Nueva publicación, de libre acceso, y de interés para los lectores de este blog. Tal como explican en su web:
“We are very proud to release the first issue of Valuation Studies, a new open access journal connecting several vibrant research fields working on the study of valuation as a social practice. The first issue contains five items:
- An inaugural editorial “For what it’s worth” by the editors Claes-Fredrik Helgesson and Fabian Muniesa that address the many questions that arise when you venture to make a new journal.
- In “Valuation studies? Our collective two cents” 19 board members in the lead of advisory board members Hans Kjellberg and Alexandre Mallard share why they think the study of valuation is topical, what they think are pressing issues to explore as well as what would be interesting sites and methods for studying valuation.
- “Valuation as evaluating and valorizing” is a contribution by François Vatin translated and adapted from French, where he discusses the distinction between processes of assessment (in which things undergo judgements of value) and processes of production (in which things are produced so as to be of value).
- In “The Economic Valuation and Commensuration of Cultural Resources” Alexander Styhre reports a study of processes of valuation and commensuration in the allocation of regional culture budgets.

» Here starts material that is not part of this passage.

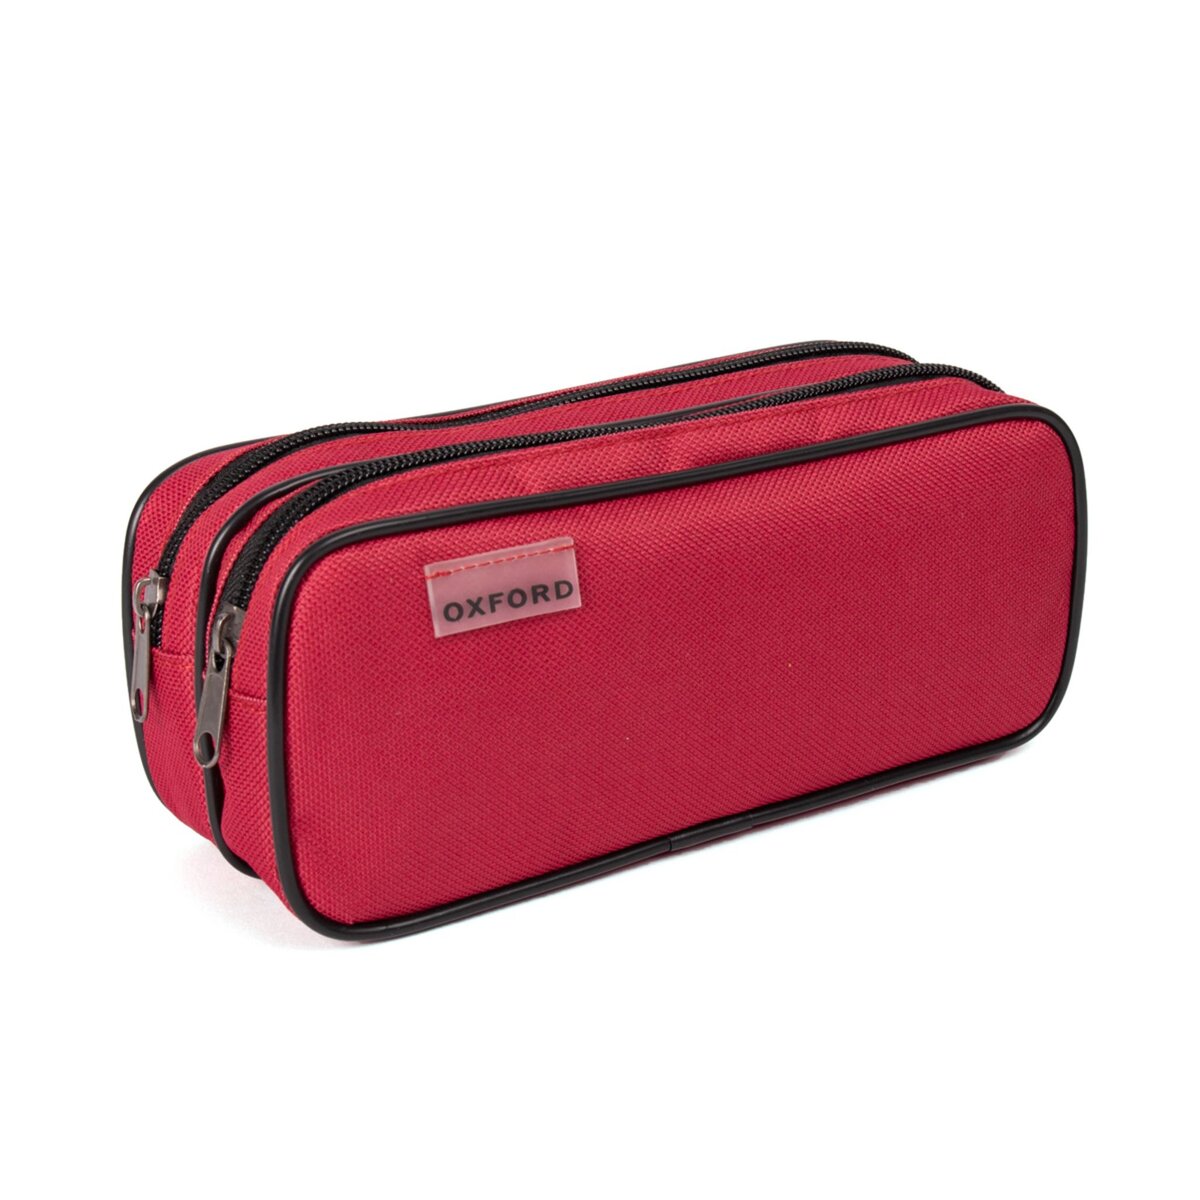 OXFORD Trousse rectangle 2 compartiments rouge
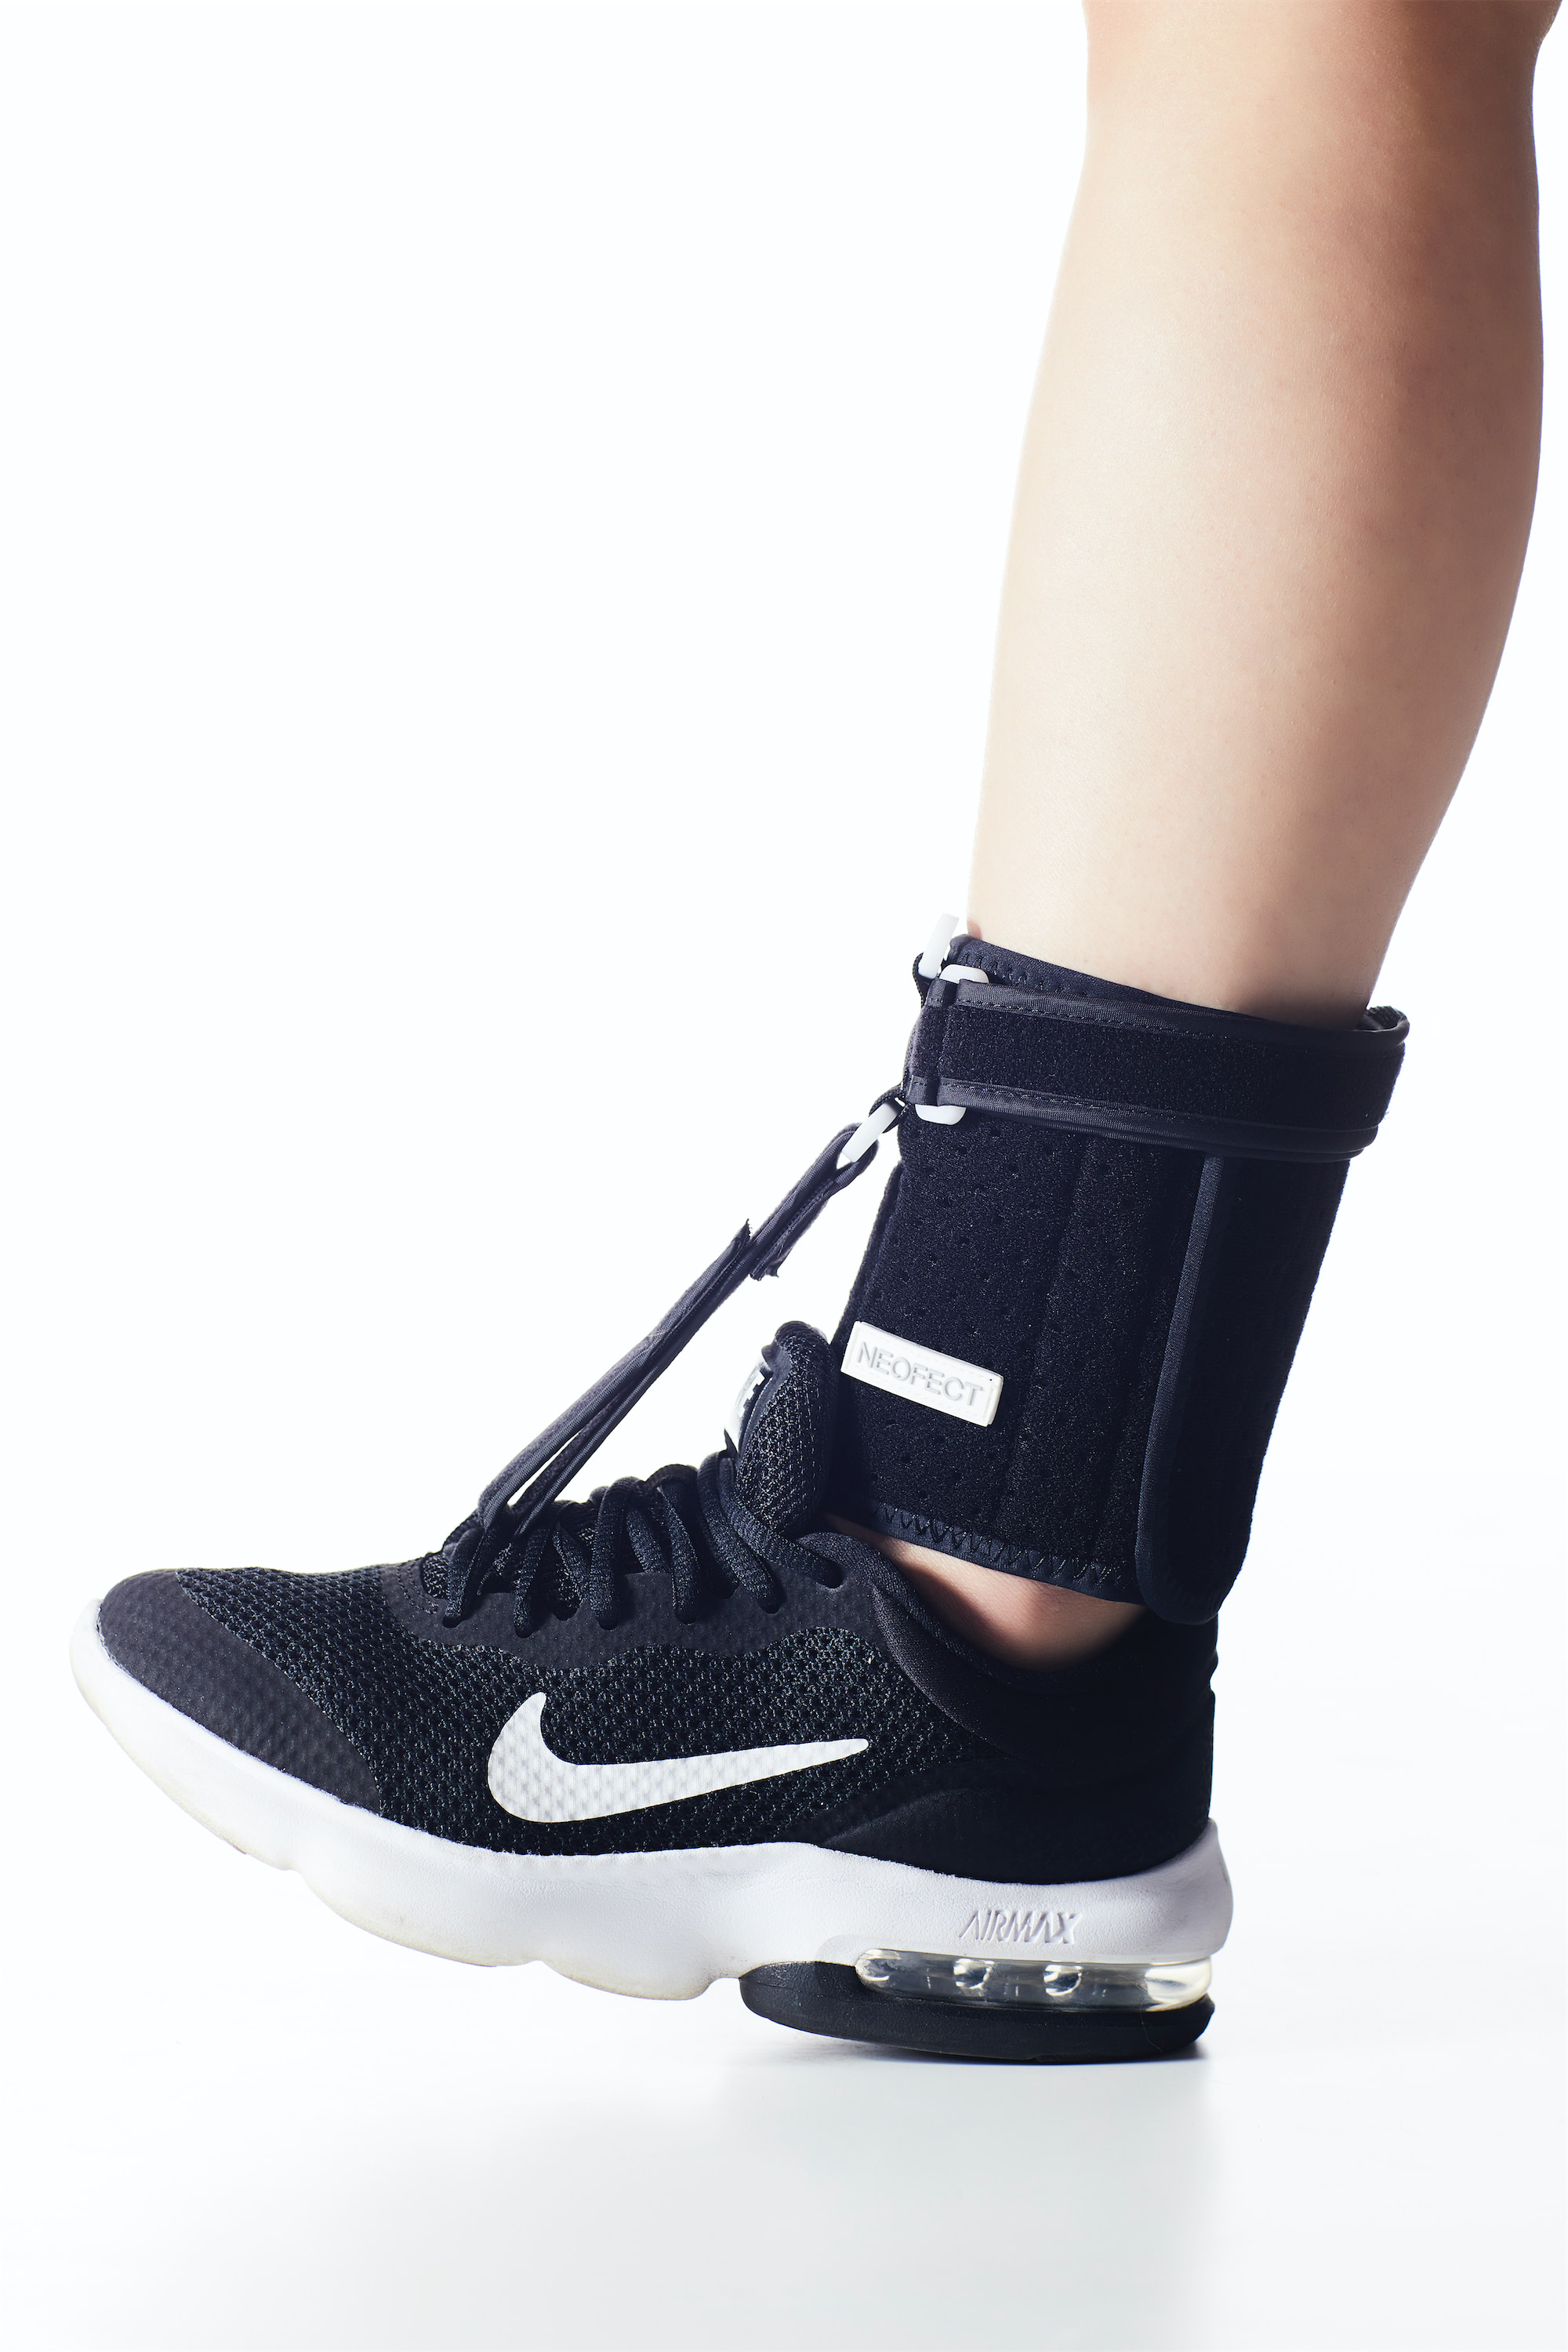 Foot-Up Brace by Neofect FOR SALE - FREE Shipping

- The final article, “The Power of Market Intermediaries: From Information to Valuation Processes”, is by Christian Bessy and Pierre-Marie Chauvin and look at how intermediaries can contribute to shaping valuations performed in the market.
Valuation Studies is committed to foster valuable conversations in the new transdisciplinary and emerging field of valuation studies. The journal provides a space for the assessment and diffusion of research that is produced at the interface of a variety of approaches from several disciplines, including: sociology, economic sociology, science and technology studies, management and organisation studies, social and cultural anthropology, market studies, institutional perspectives in economics, accounting studies, cultural geography, philosophy, and literary studies.”